● Task item:
Go to the line with "Qdoba's logo" in the material below and copy from there through the line with "The Best Park", exactly. Pictures are not copied.
--- Supplied records Enclosed Below ---
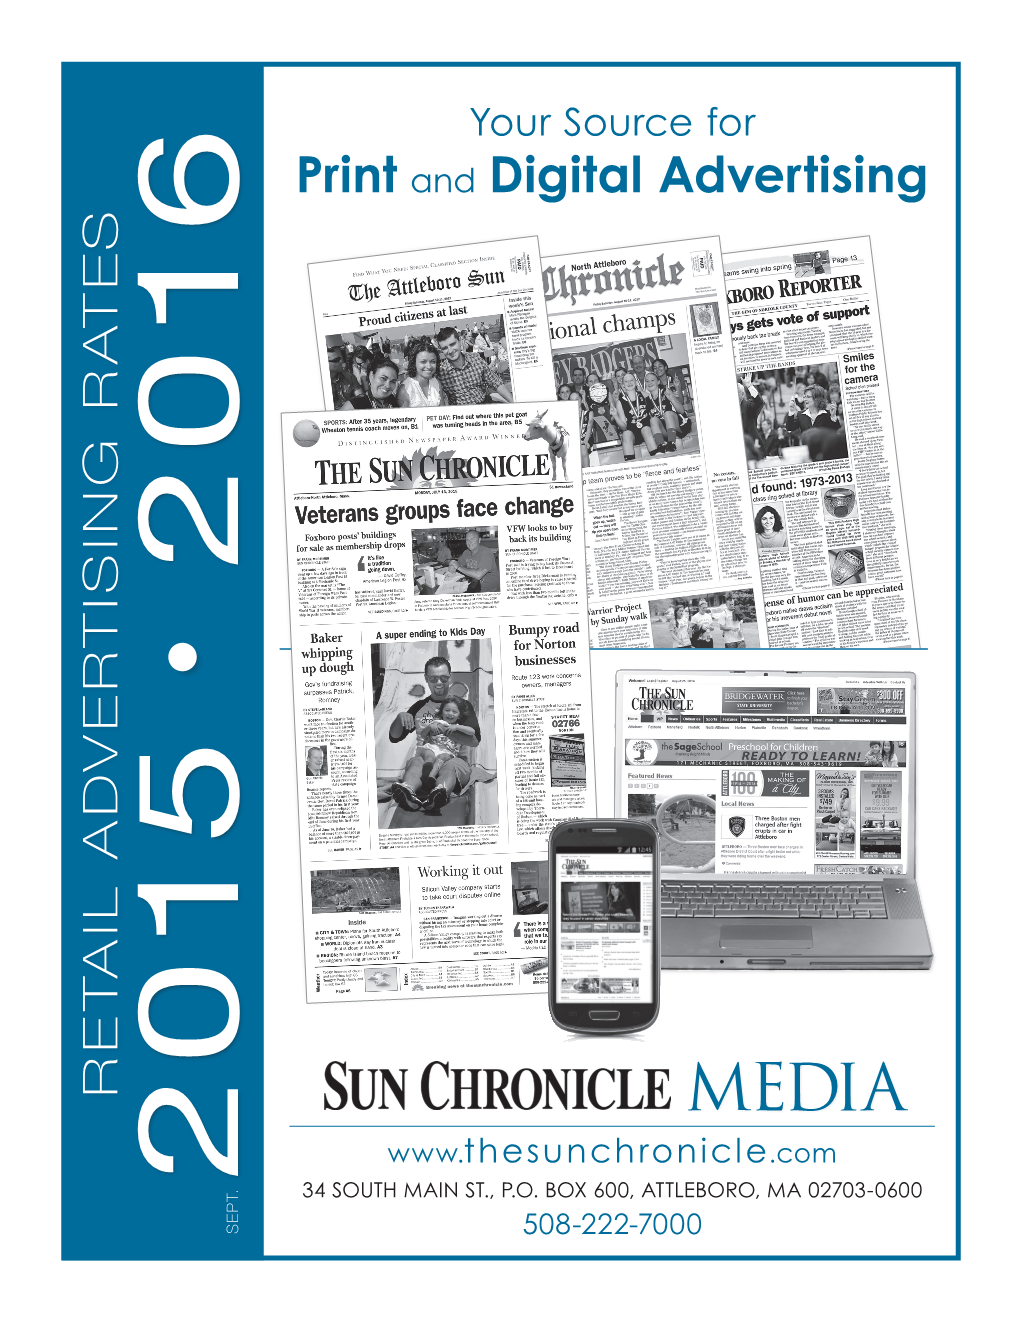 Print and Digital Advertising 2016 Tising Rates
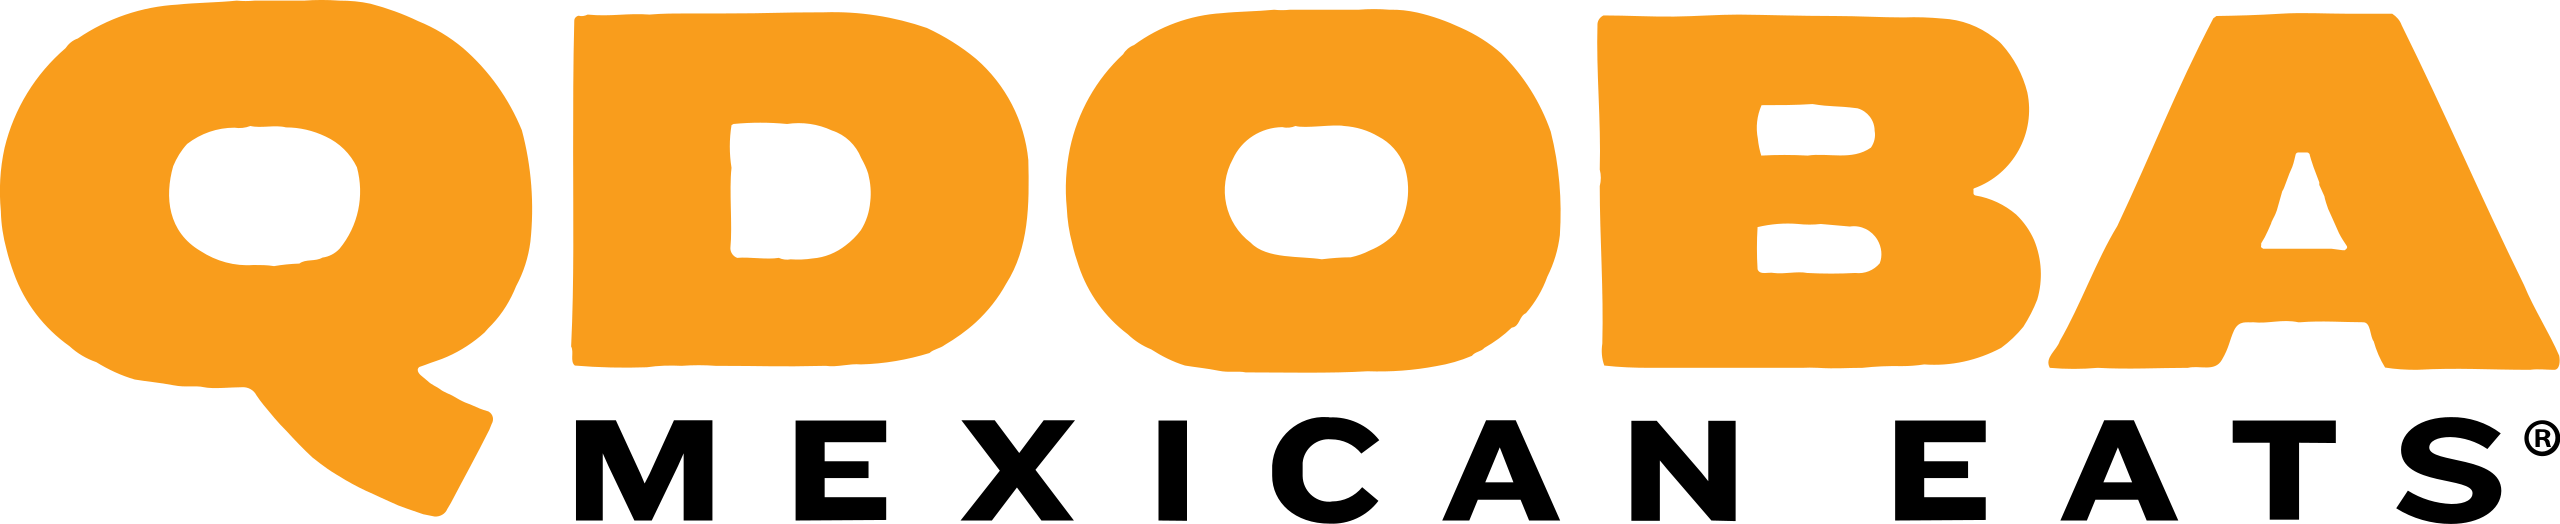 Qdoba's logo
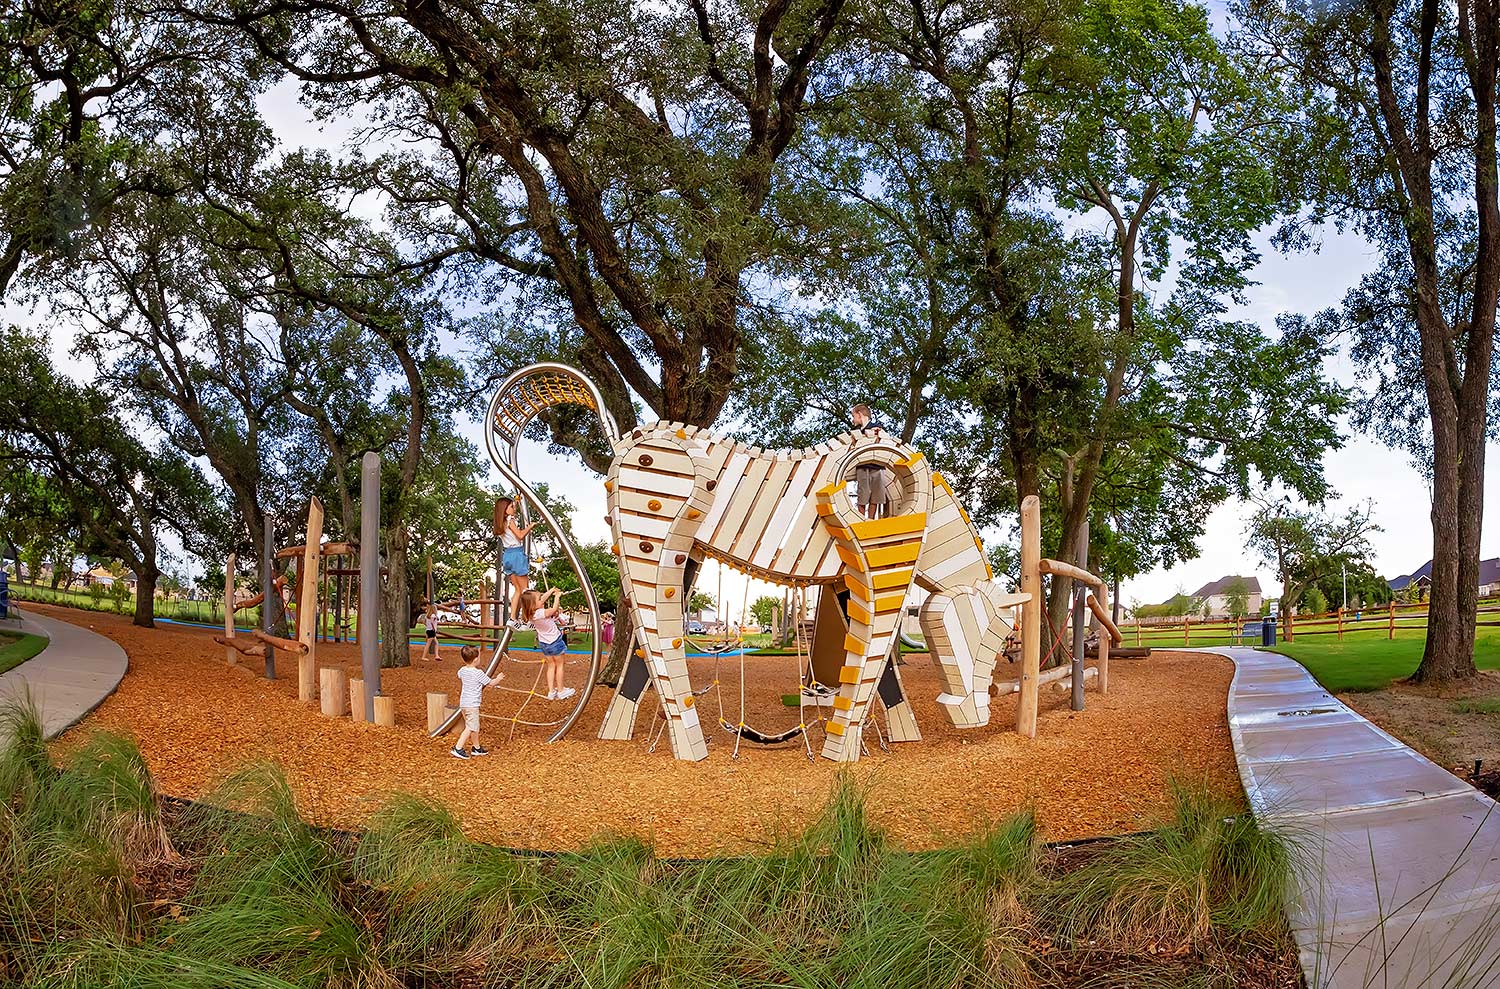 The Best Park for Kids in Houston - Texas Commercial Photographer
--- End of Enclosed Supplied records ---
--- Supplied records Enclosed Below ---
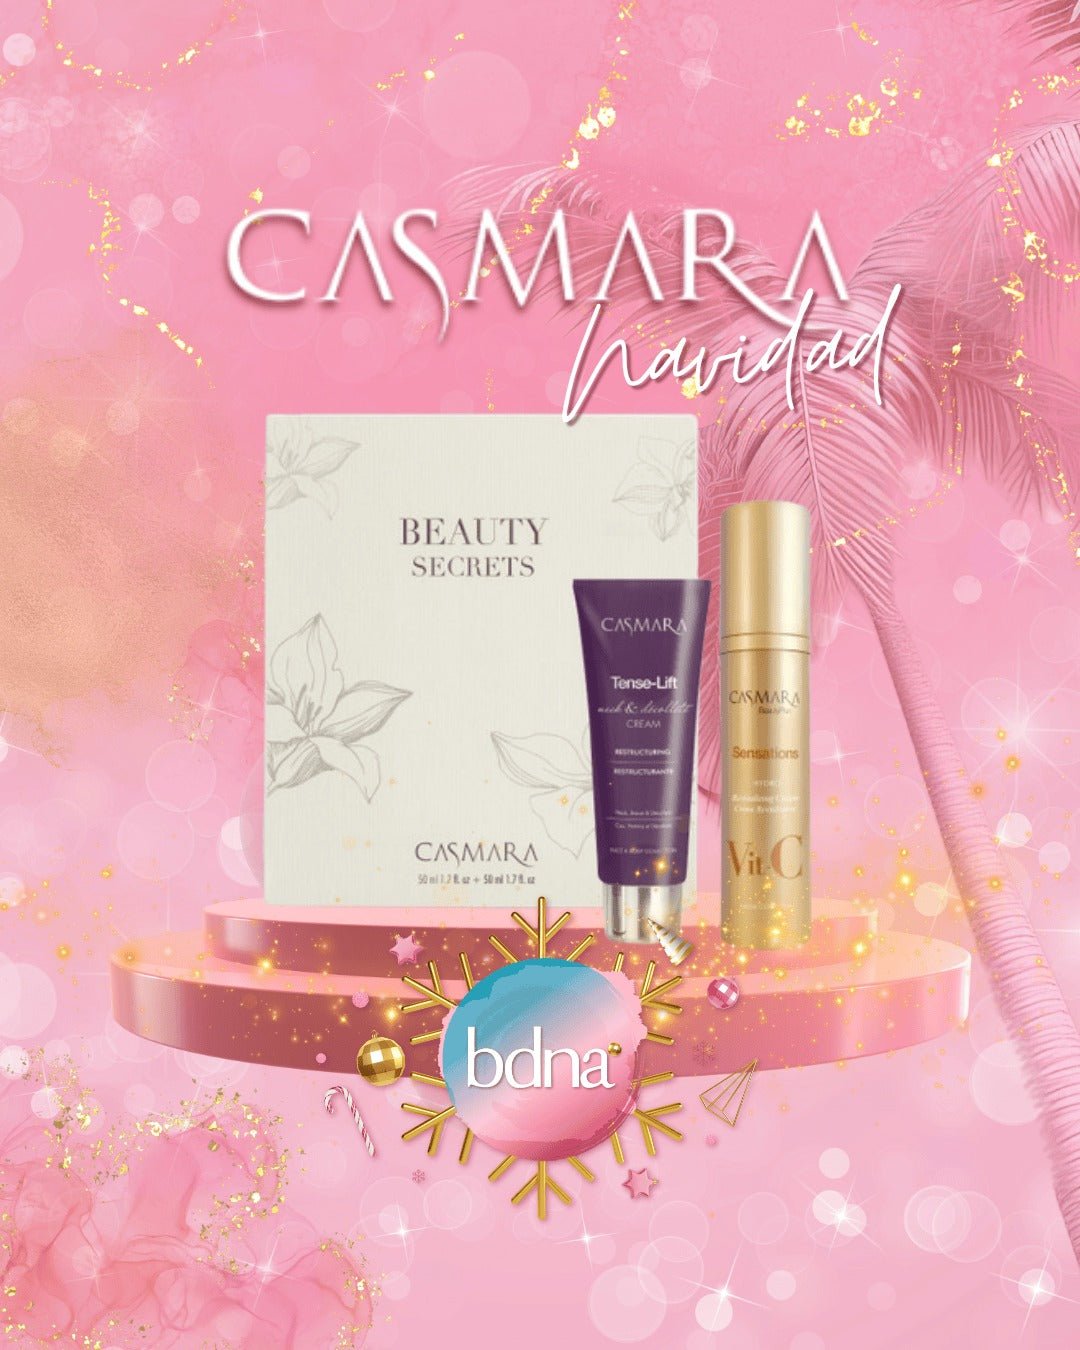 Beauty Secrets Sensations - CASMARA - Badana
--- End of Enclosed Supplied records ---
● Response area:
 Qdoba's logo
 The Best Park for Kids in Houston - Texas Commercial Photographer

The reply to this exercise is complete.